То был фасад, скрывавший прошлое, те бурные и трагические события, что некогда случались здесь: столкновение чешских патриотов с австрийскими войсками в 1848 году, манифестация 1939 года против захвата Чехословакии фашистами, самосожжение Яна Палаха… Палах, пражский студент, был почти моим одногодком. Он добровольно поджег себя на этой площади, перед статуей святого Вацлава, 16 января 1969 года, а три дня спустя скончался в больнице от несовместимых с жизнью ожогов: советские танки вошли в его страну, его Прагу, и он выразил свой протест в самой страшной, самой мученической форме. Царившие здесь мир и красота были декорацией, за которой таились боль и кровь, горечь и пепел…
Я покинул памятник и площадь. Я шел к той Праге, которая не знала танков и самолетов, и хоть случались в ней кровавые драмы и побоища, но, за давностью лет, они уже стали историей. Возможно, историей, имевшей отношение ко мне, но весьма и весьма отдаленное: не исключено, что в свое время мои предки жили в Праге и, после очередного еврейского погрома, перебрались в Белоруссию, а уж оттуда — в Петербург.

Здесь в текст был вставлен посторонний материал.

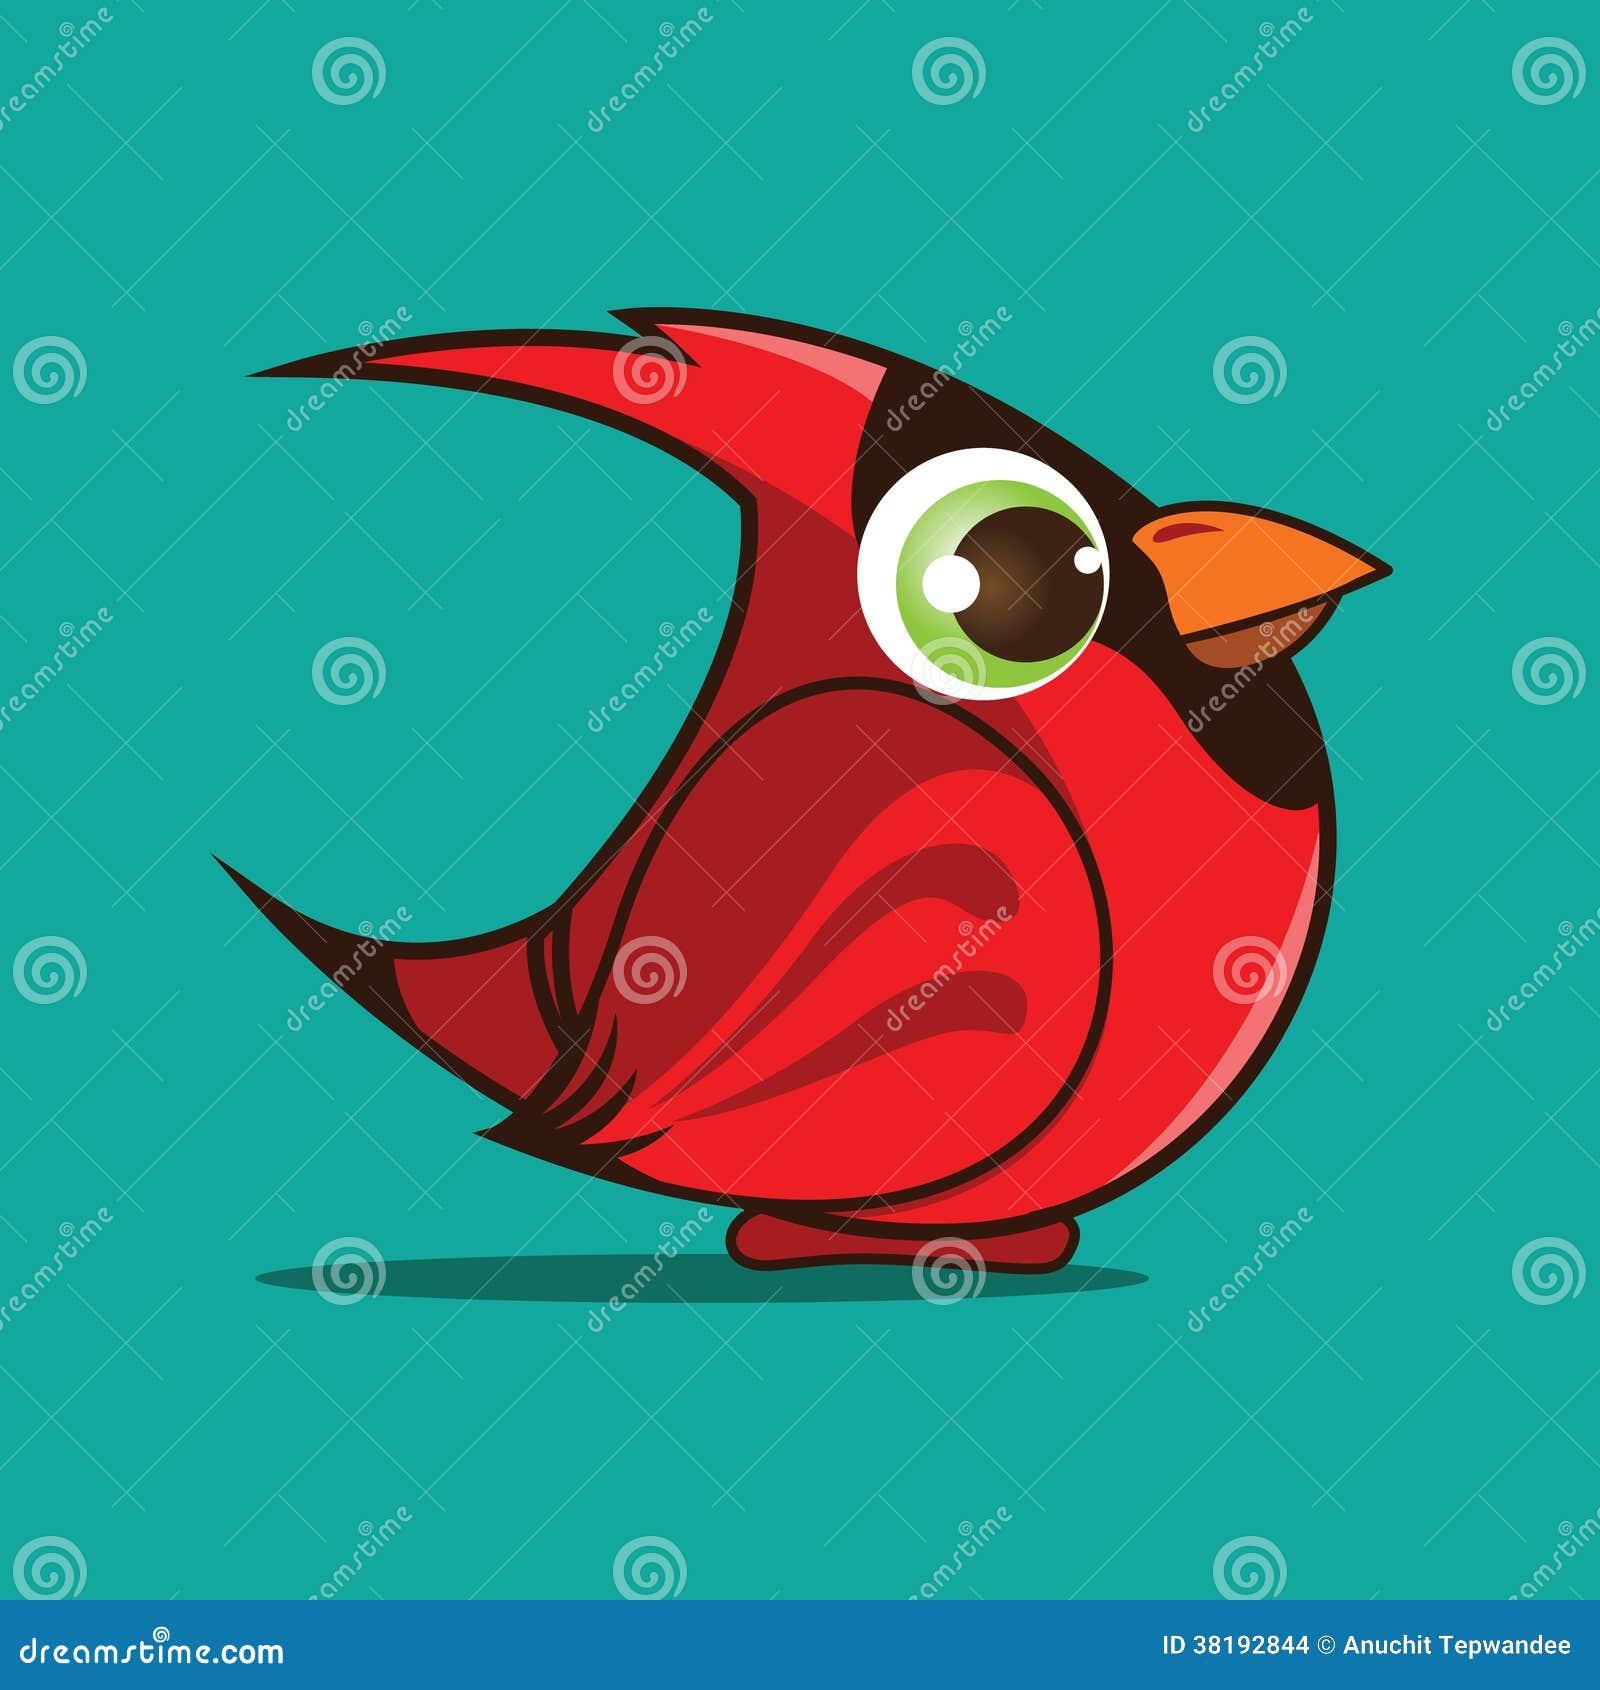 Cardinal Bird Cartoon Stock Images - Image: 38192844
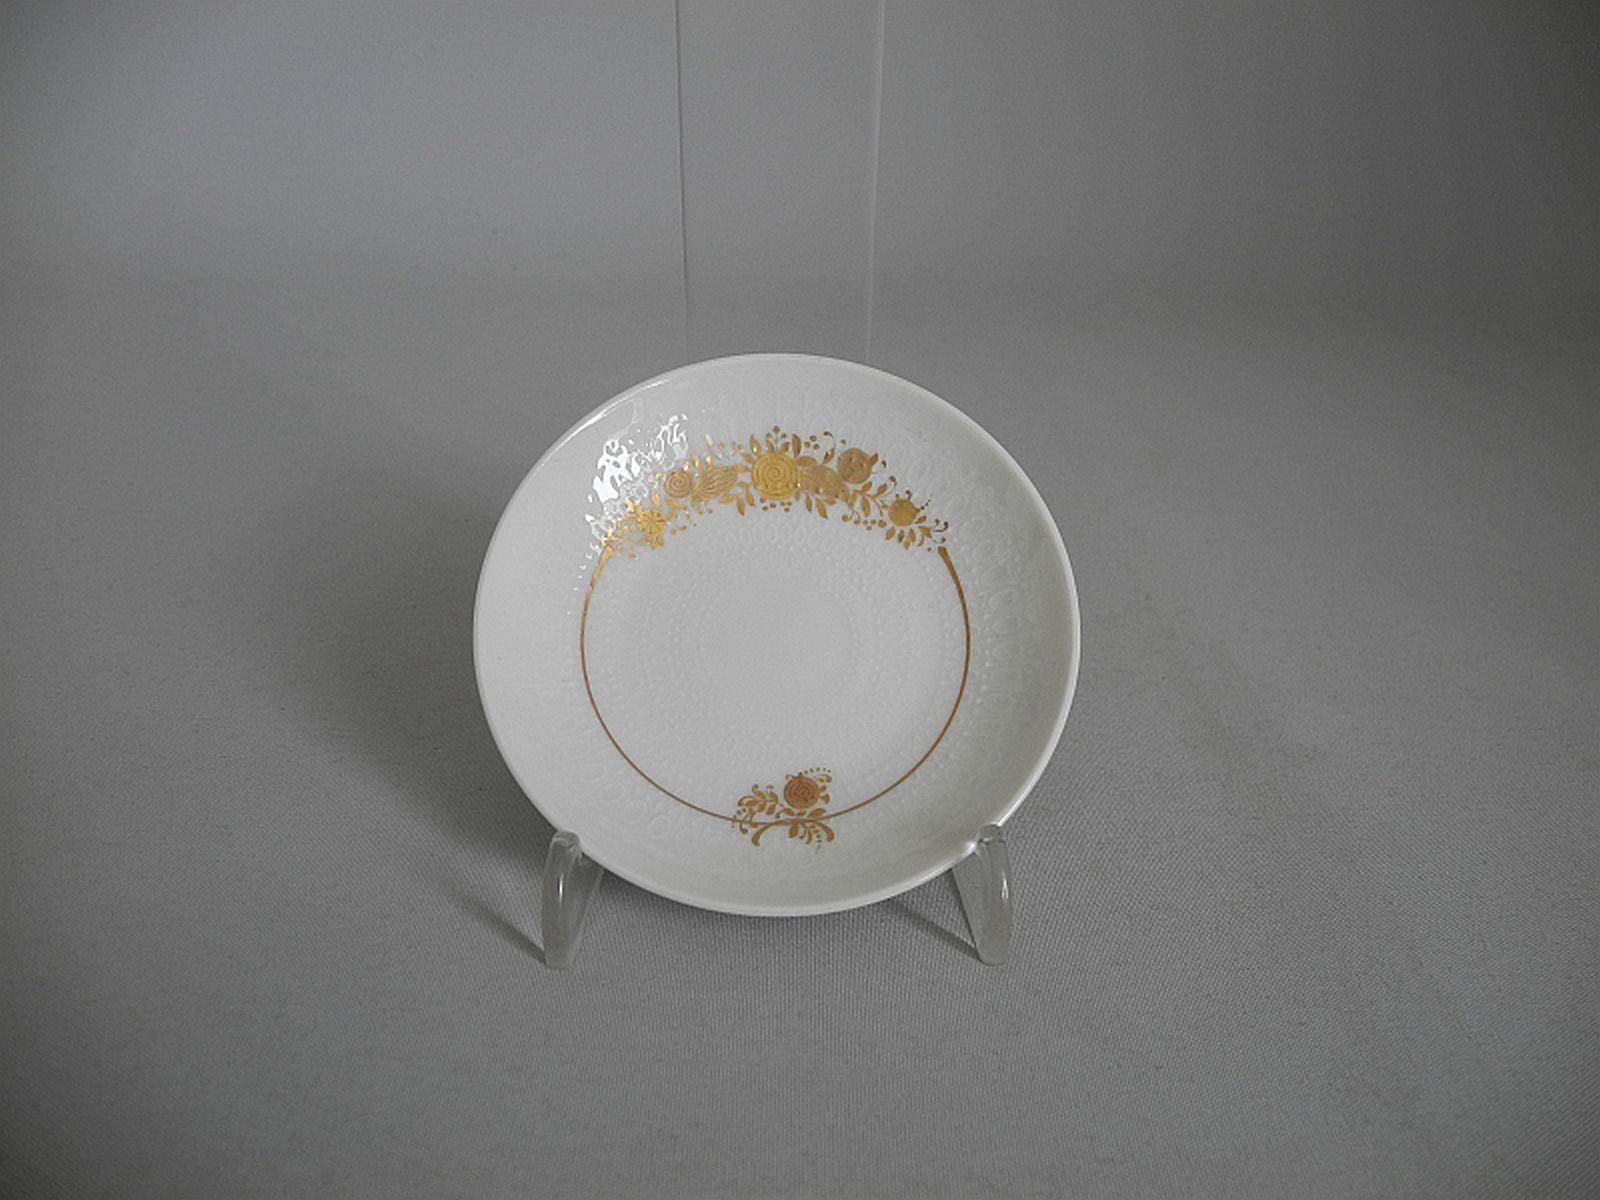 Rosenthal Romance en la majeur 6 confitures assiette sachet de thé-papiers-RAR

Но если такое и могло случиться, то лет триста или четыреста назад, и мне об этом ничего не ведомо.
Я шел к Карлову мосту, центру пражской ойкумены. Я двигался в лабиринте улочек, их названия скользили предо мной: На Мустку, Гавелска, Мелантрихова, Главсова, Карлова… Помню, что шел уверенно, и, как мне тогда казалось, кратчайшим путем.
Открылась маленькая площадь Крестоносцев с памятником Карлу IV, и за ней — мощная Староместская мостовая башня, ворота, что ведут на мост с правого берега. Я миновал их, остановился у бронзового Распятия и почувствовал: что-то изменилось. Вроде бы все выглядело как вчера: текла река, сияло солнце, и с моста можно было рассмотреть городские холмы и набережные, зелень садов на склонах Града, шпили кафедрального собора Святого Вита, красные крыши домов Малой Страны и другие мосты, выше и ниже по течению. Но что-то явно изменилось. Я опять был в Праге моей юности, и она меня узнала, простила и приняла. Я был свободен, и ничей бдительный взор не буравил мне спину; в многолюдной толпе я остался с Прагой один на один, как с любимой женщиной, когда она ждет поцелуя и нежного слова. Мне чудилось, что я прежний студент, что время повернуло вспять, и что сейчас из-под остроконечной арки Староместской башни появится Тонда, подойдет ко мне и скажет: «Мишка, ты стоишь тут уже три часа. День жаркий, пора бы и пива выпить».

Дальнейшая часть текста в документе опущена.